Voici une histoire de bateau abandonné à quai par son armateur. Les marins s’y trouvent « perdus », loin de leurs femmes… L’écrivain avait attendu longtemps la reconnaissance en écrivant de la poésie, des nouvelles et des reportages, avant sa fameuse trilogie par laquelle la plupart l’a connu et aimé*. Ici on retrouve la conjugaison du drame personnel et du tragique social. La ville de Marseille – « ma ville » écrit toujours l’auteur – est décrite avec exigence et amour, comme une amante. La peinture de l’univers des marins, les damnés de la mer, est lucide et émouvante. Celle de la Méditerranée donne un mélange ahurissant de passion et de culture. Comment faire un roman noir en citant Braudel ? Lisez Izzo ! Et c’est aussi une histoire d’amours d’une telle tendresse qu’on aimerait, malgré les douleurs, les avoir vécues. Parce qu’elles sont l’antidote au désespoir :
« Il repensa au visage rond de Mariette. À son sourire. À son corps tout en plaines et collines. À la paix qui flottait dans son appartement. Cette douceur de vivre… La vie. La vraie vie, peut-être.

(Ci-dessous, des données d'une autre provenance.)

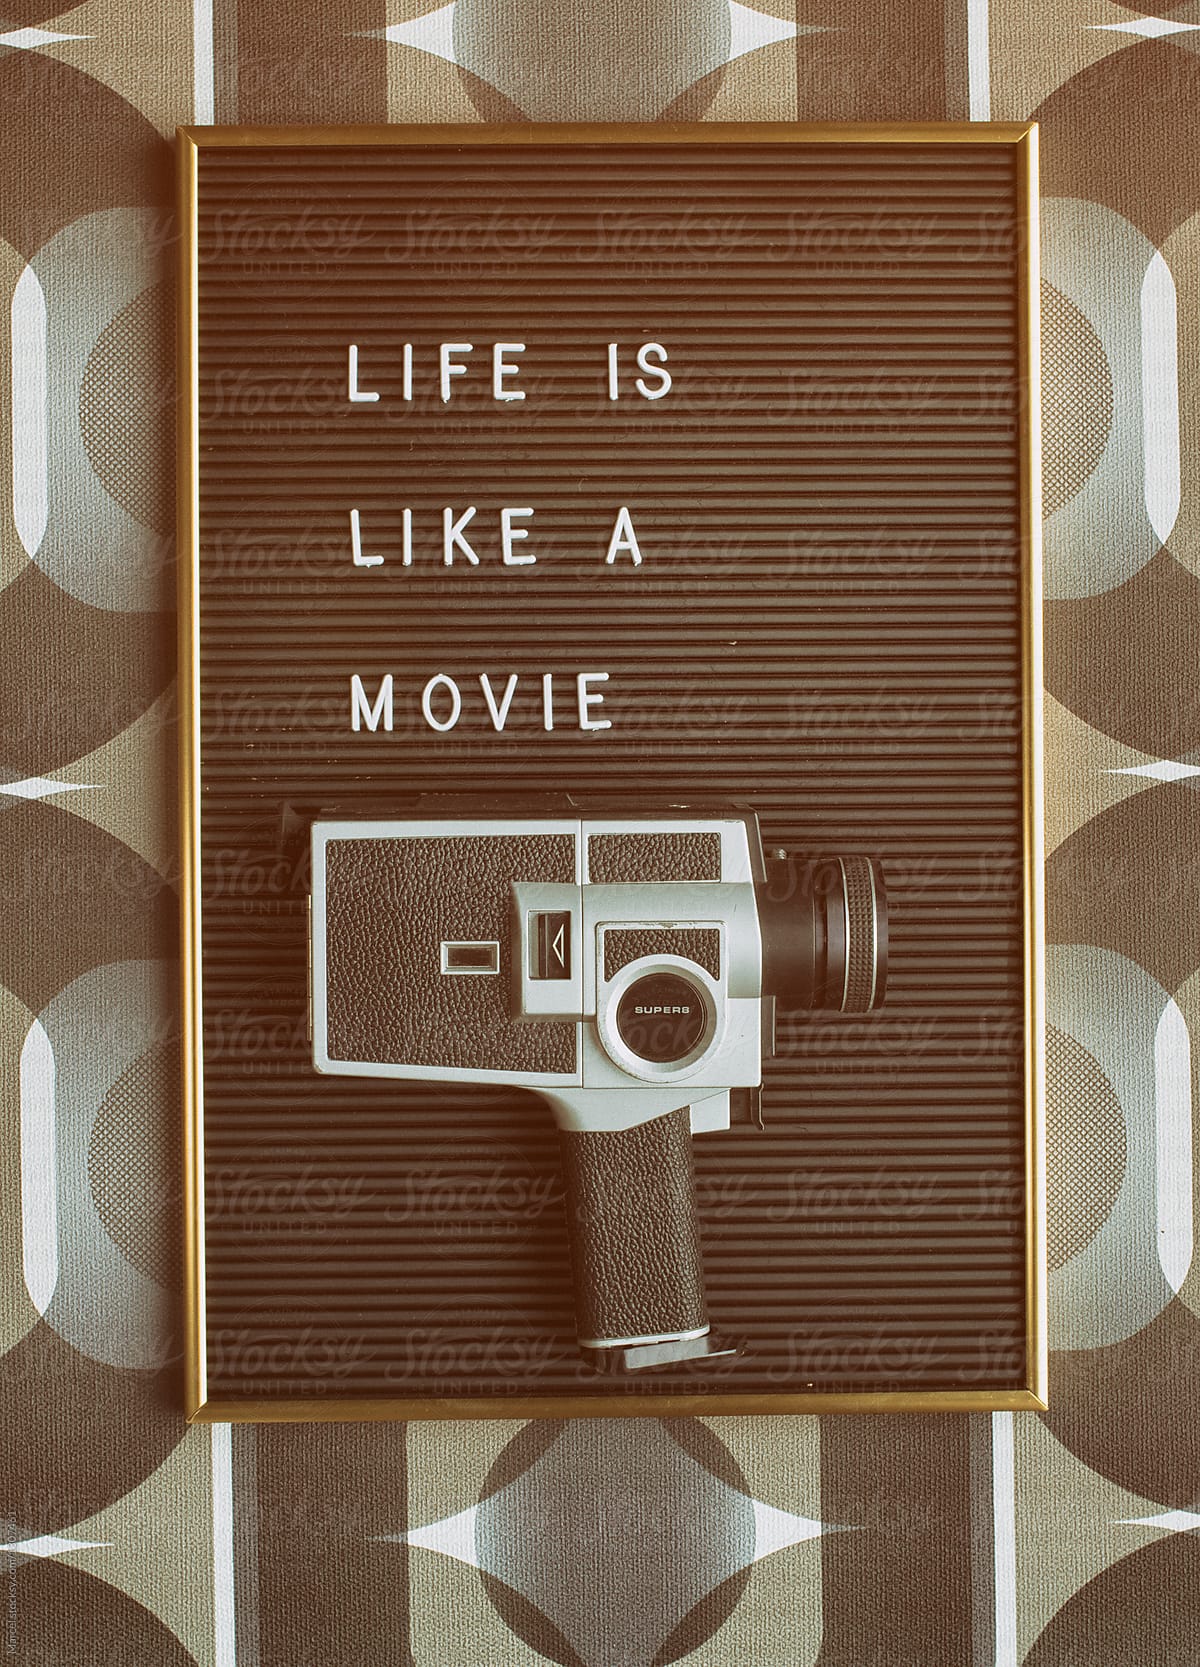 Life is like a movie

― C’est du pipeau tout ça, dit Abdul. Des conneries. Qu’est-ce que ça veut dire résoudre ? Hein ? Il n’y a de solution à rien. Jamais.
― Ah ouais. On va aller trinquer à ça, tiens. »
Une écriture simple et si forte que, non contente de nous prendre, elle se prend enfin à son propre jeu : « Il la reconnut immédiatement, Céphée. Elle était telle qu’il la lui avait décrite. »
* Total Kheops, Chourmo et Solea (Folio).